-- Data extract follows --
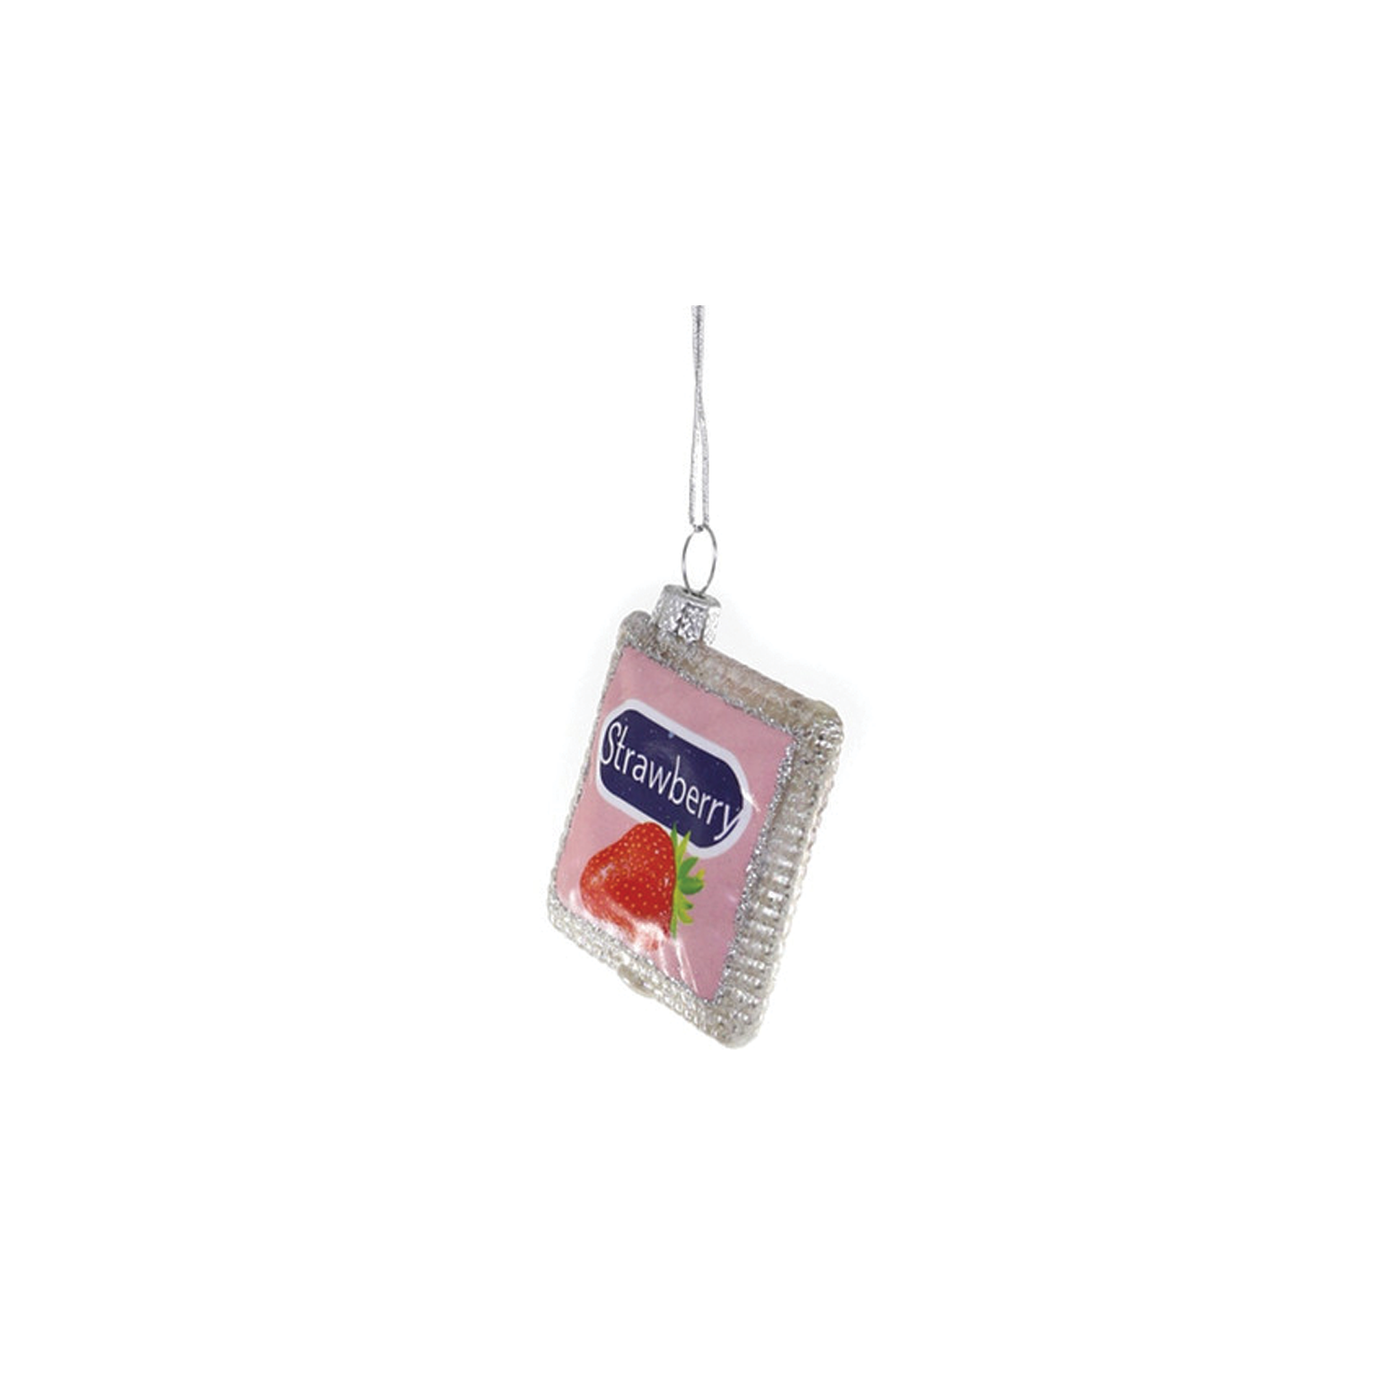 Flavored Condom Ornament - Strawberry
-- Data extract concluded --
-- Data extract follows --
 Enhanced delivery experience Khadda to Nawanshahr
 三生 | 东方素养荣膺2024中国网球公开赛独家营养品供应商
-- Data extract concluded --
-- Data extract follows --
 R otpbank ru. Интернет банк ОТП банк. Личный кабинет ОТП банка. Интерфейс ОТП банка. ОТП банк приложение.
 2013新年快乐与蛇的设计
-- Data extract concluded --
Work required
Repeat word for word the lines above that run from the line containing "Enhanced delivery experience" through the line containing "三生 | 东方素养荣膺2024中国网球公开赛独家营养品供应商", both ends included, and nothing else.

Task response
 Enhanced delivery experience Khadda to Nawanshahr
 三生 | 东方素养荣膺2024中国网球公开赛独家营养品供应商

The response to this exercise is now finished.